Dr. Revici's great contribution to our understanding of the pathogenesis of cancer stems from his delineation of the links between the five progressive stages of cancer development and the different levels of hierarchical organization in the body that are affected by each stage. This hierarchy involves the sub-nuclear, nuclear, cellular, tissue, organ and systemic levels, correlated with the stages of initiation, proliferation, invasion, metastasis and shock, Dr. Revici's term for end-stage cancer.

Impairment of the DNA occurring at the sub-nuclear level represents the initiation stage in the pathogenesis of cancer. This impairment can be caused by free radicals, chemical carcinogens, radiation, viruses, physical trauma, and acute or chronic stressors. When the DNA of enough cells has been deranged, it marks the transition to the proliferation stage. The invasion stage follows if the unregulated cell growth is able to spread from the cell to the tissue level, in part mediated by the secretion of proteolytic enzymes by the cancer cells targeted to break down the connective tissue. This itself can only successfully occur in tissues which are deficient in protease inhibitors, whose purpose is precisely to protect against such invasive destruction of the integrity of the tissues.

Once the cancer has moved from the cell to the tissue, it has the potential to migrate via the circulatory system (bloodstream and lymph), and to attach itself to distant organs. However, as with the shifts between the previous levels, the process of metastasis can only occur if certain conditions are met, including the cancer cells detaching themselves from the original tumor, evading the patrolling white blood cells of the immune system, successfully crossing the vascular wall and attaching to the target organ, and establishing an adequate blood supply for the survival of the new tumor. If any one of these numerous steps is interrupted, metastasis will not occur. The final or shock stage is characterized by disruption of metabolic function at the systemic level, and typically involves fatigue, generalized weakness and cachexia.

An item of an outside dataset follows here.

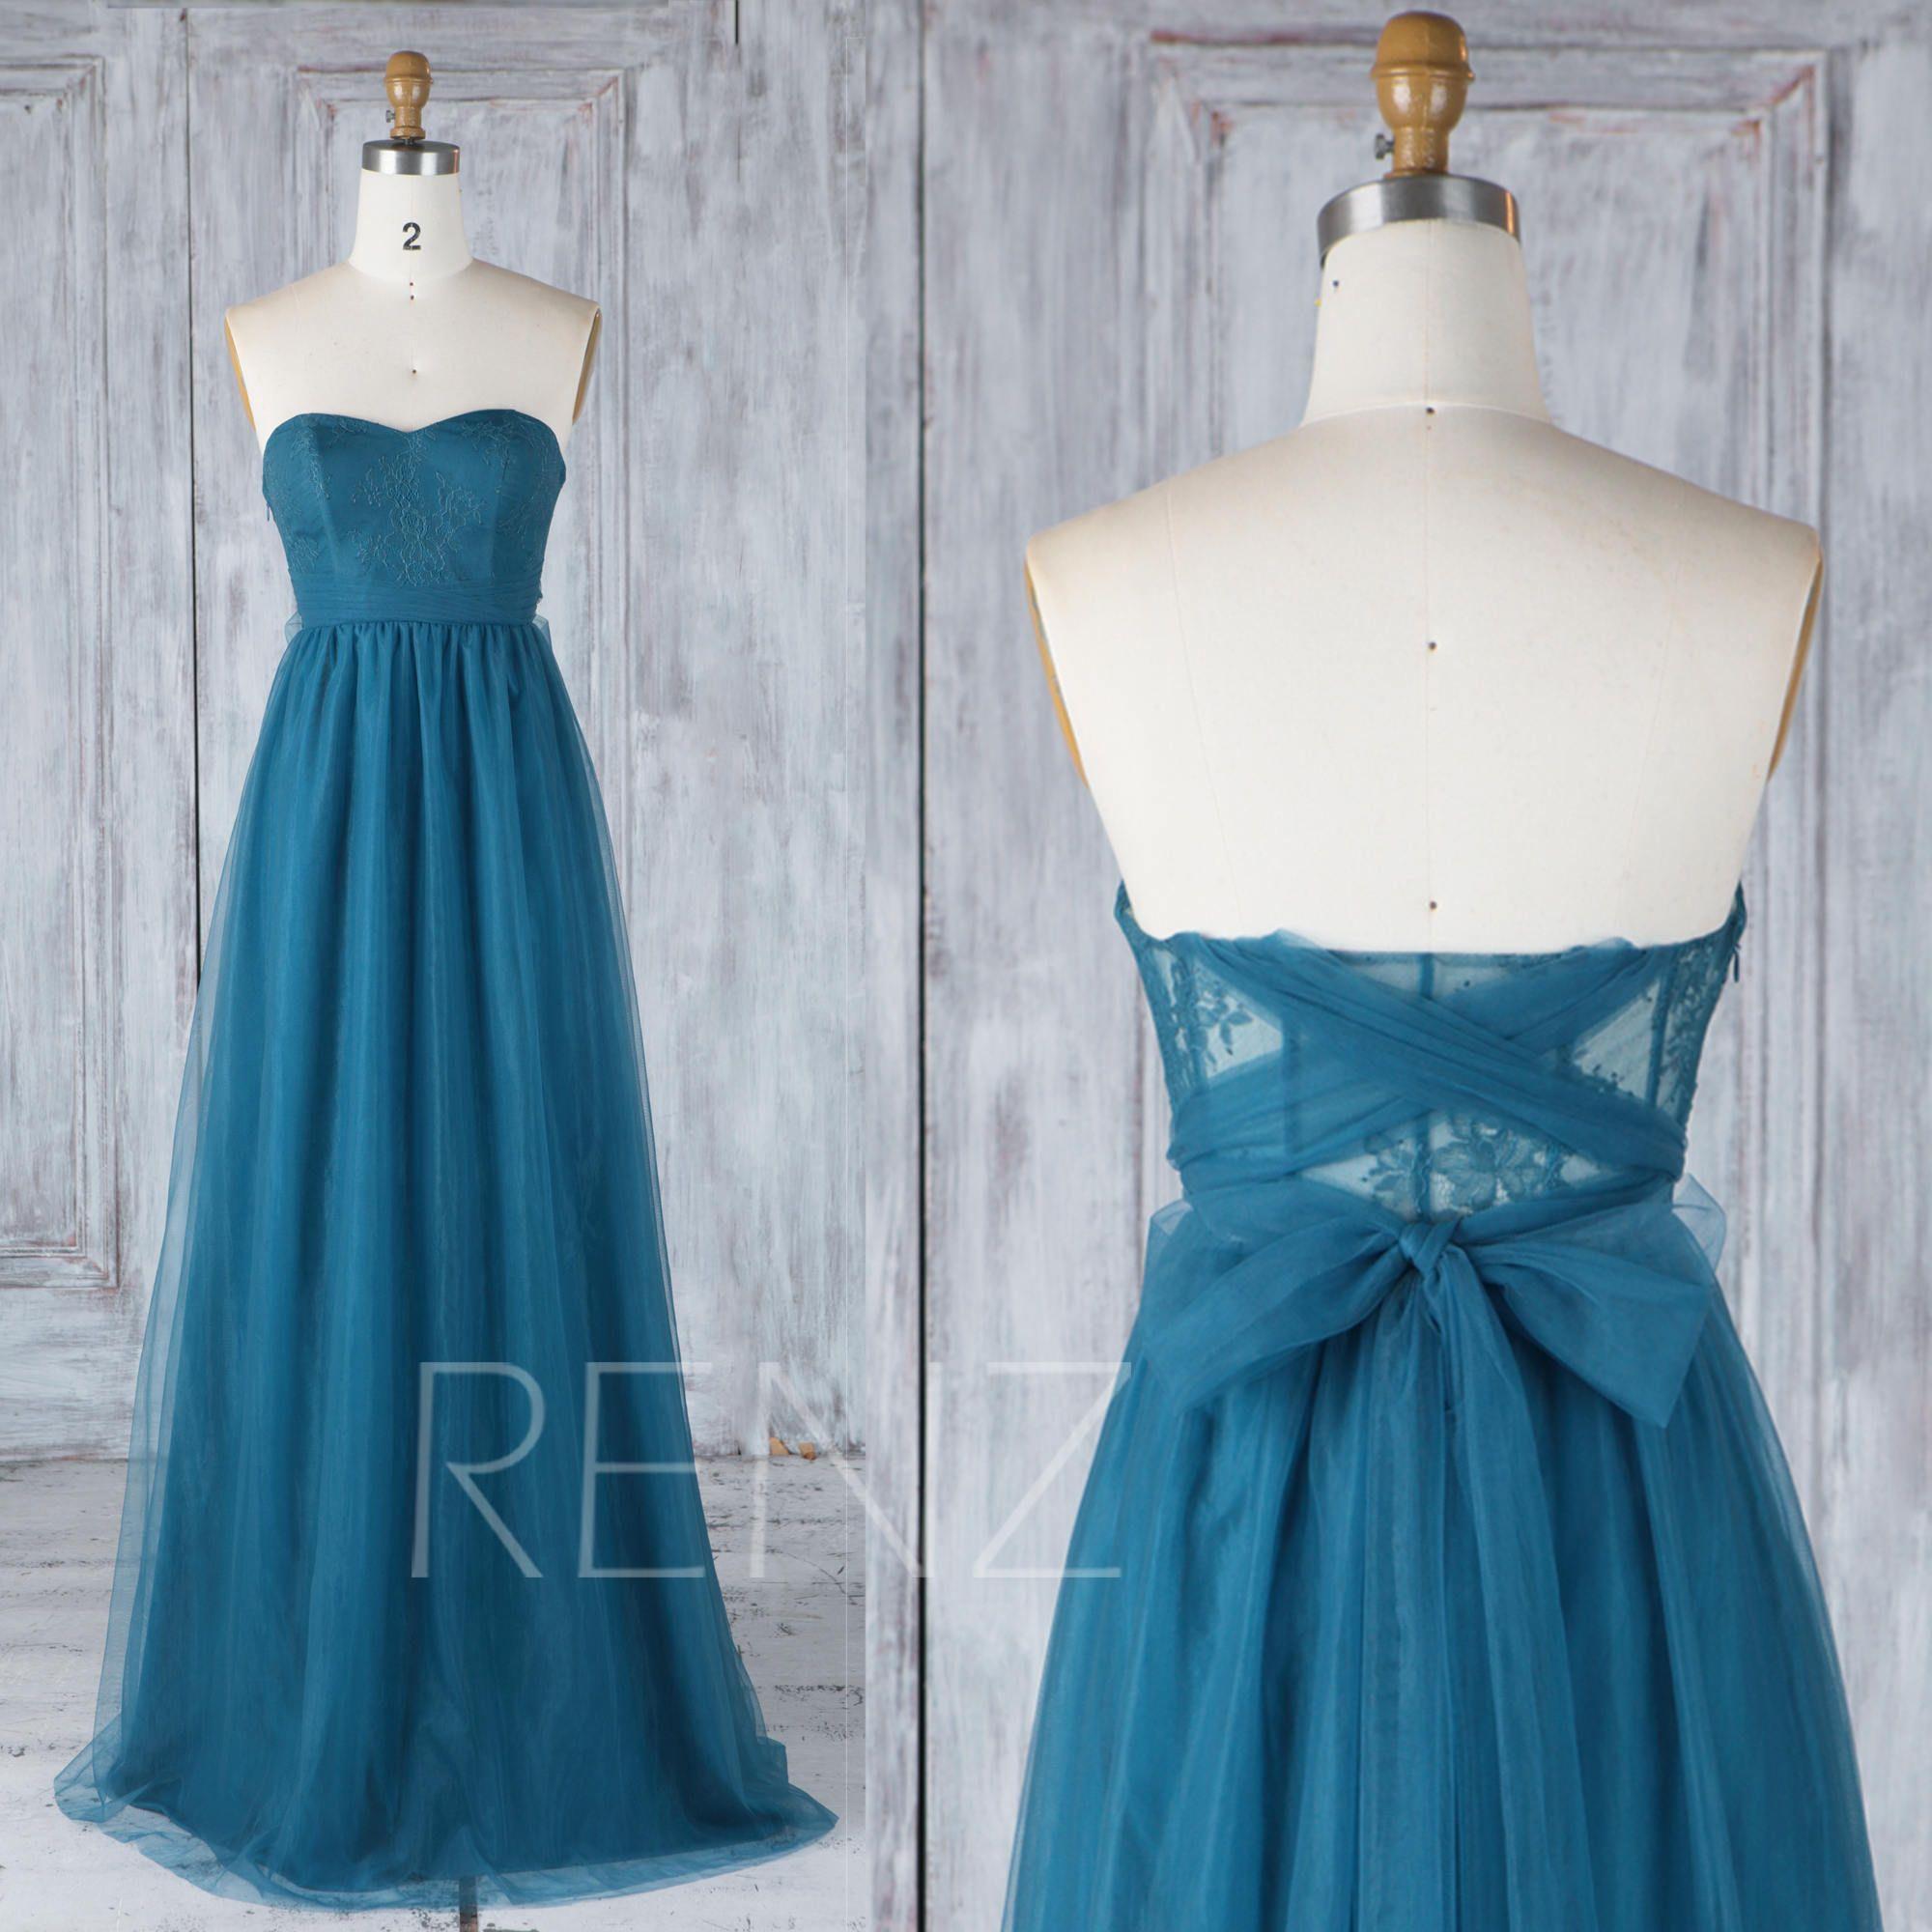 Bridesmaid dress ink blue tulle wedding dress with sashlace

There is a widespread bias among alternative health practitioners favoring anabolic processes over catabolic ones. This, however, is an oversimplification that Dr. Revici went to great pains to clarify. Both processes are vital to the survival of the organism, and need to be in proper balance for optimal health to be maintained. A persistent anabolic imbalance is equally undesirable as a persistent catabolic imbalance. In fact, up until the shock or terminal phase, the progression of cancer is marked by an imbalance of anabolic factors, which push the cell in the direction of unregulated growth, beyond the original need of the body to heal itself from the damage caused by the initiating insult. It is only in the shock phase that the catabolic processes start to dominate the anabolic, and the organism begins to break down at a systemic level. However, even at this stage, the cancer process itself remains anabolic; but it has so deranged and destabilized the metabolism that the body systemically begins a downward catabolic spiral.